Computational Modeling Uncovers Key Sex Differences in Common Heart Rhythm Disorders

Biological sex is a key variable that can significantly impact disease occurrence, presentation, and prognosis. However, females are severely underrepresented in both fundamental disease research and clinical trials. For example, a 2016 review article revealed that less than 30 percent of basic cardiovascular research studies reported the use of either female subjects or subjects of multiple sexes [1]; a similarly low percentage of women are included in clinical cardiovascular studies. Yet the risk of death from cardiovascular disease is not lower in females. In fact, women account for more than 50 percent of deaths due to certain cardiovascular diseases, including atrial fibrillation (AF): a widespread disorder that is characterized by very fast, irregular beating in the upper chambers of the heart. 

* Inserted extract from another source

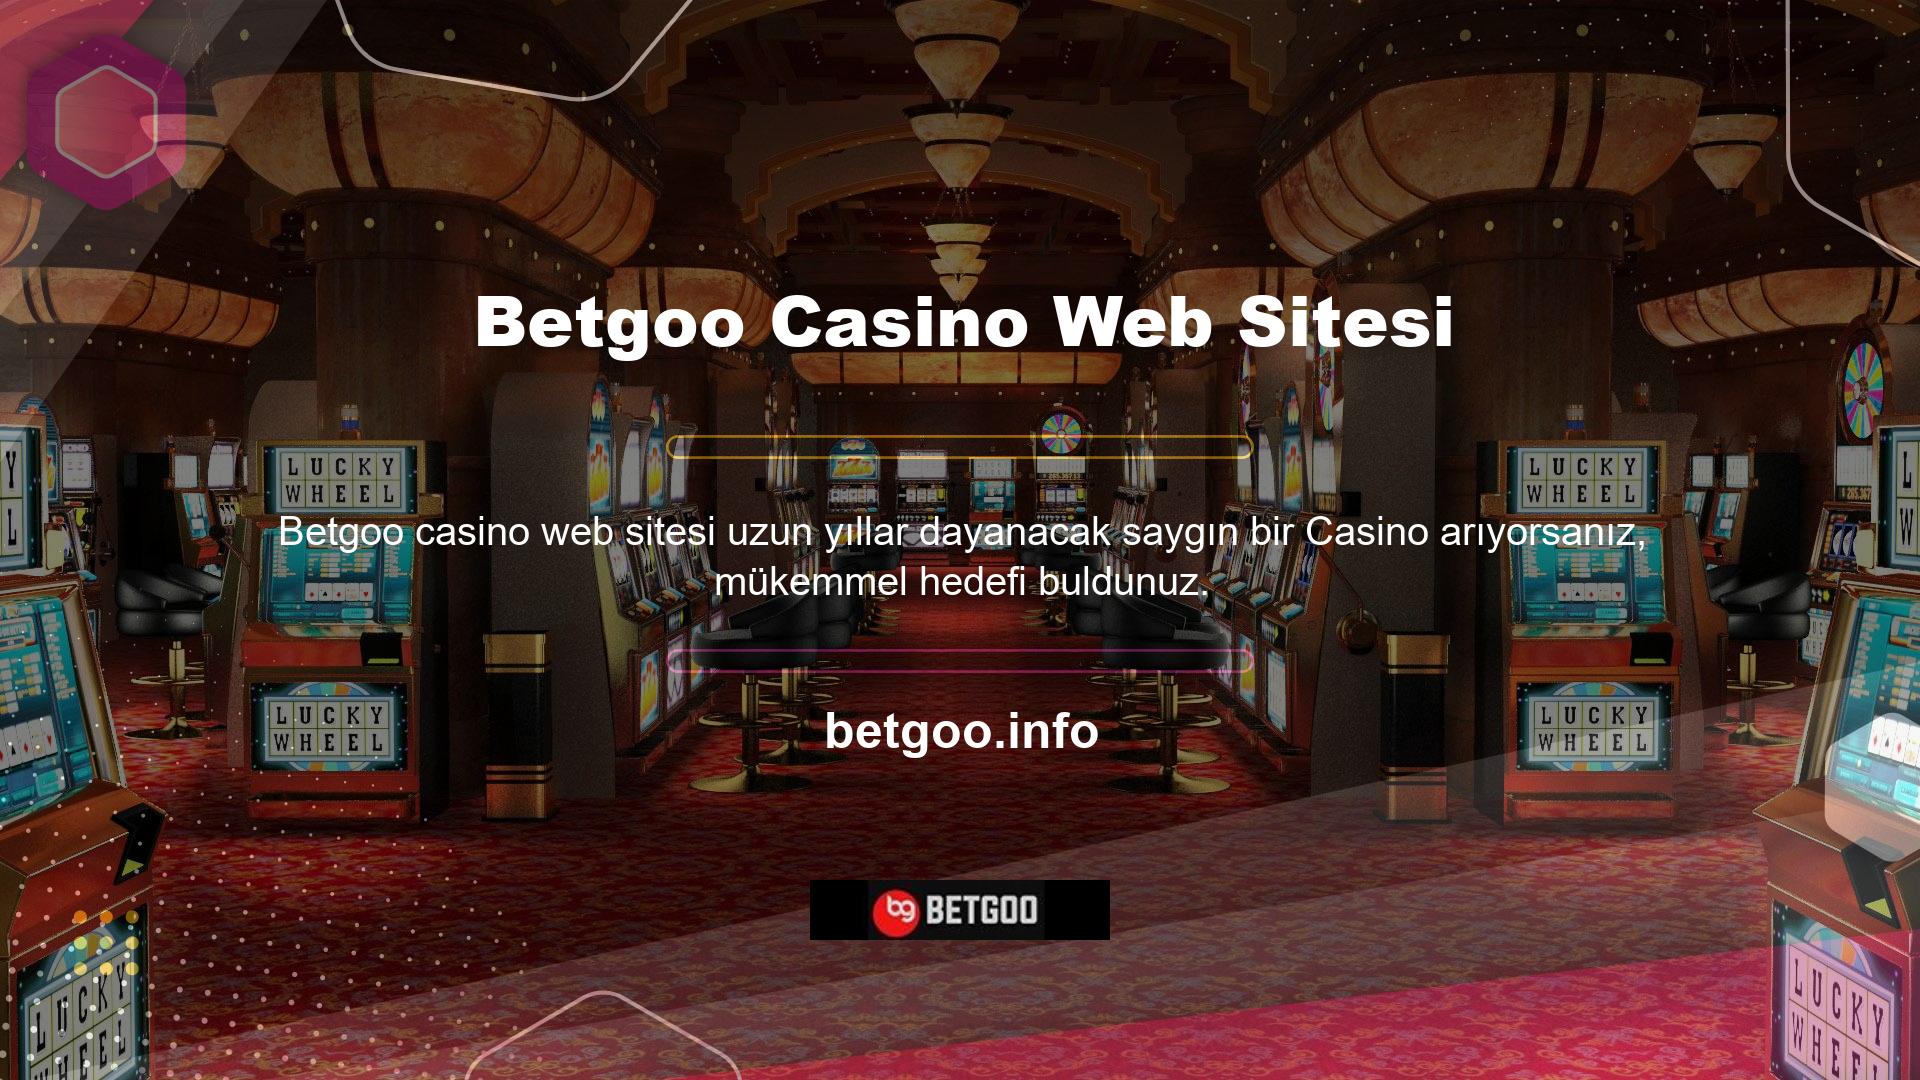 Betgoo yüksek çözünürlüklü kalite, sürekli canlı oyun masaları ve çok sayıda slot makinesinde bulunan çok çeşitli Betgoo bonus oyunlarıyla otantik bir casino deneyimi sağlar

The function of the heart as a mechanical pump is critically dependent on its electrical activity. At the cellular level, cardiomyocytes (heart cells that are responsible for contraction) respond to external electric stimuli to generate transient depolarization and repolarization in the voltage difference across the cell membrane. Through bidirectional coupling, the resulting action potentials (APs) prompt transient alterations in intracellular calcium (Ca²⁺) signaling that act on the contractile machinery of myofilaments to mediate contraction and subsequent relaxation. As such, a synchronized and coordinated electrical excitation of cardiomyocytes is crucial for normal contractile function within the heart. Disruptions to electrical excitation patterns cause disorders in the heart rhythm that are known as cardiac arrhythmias.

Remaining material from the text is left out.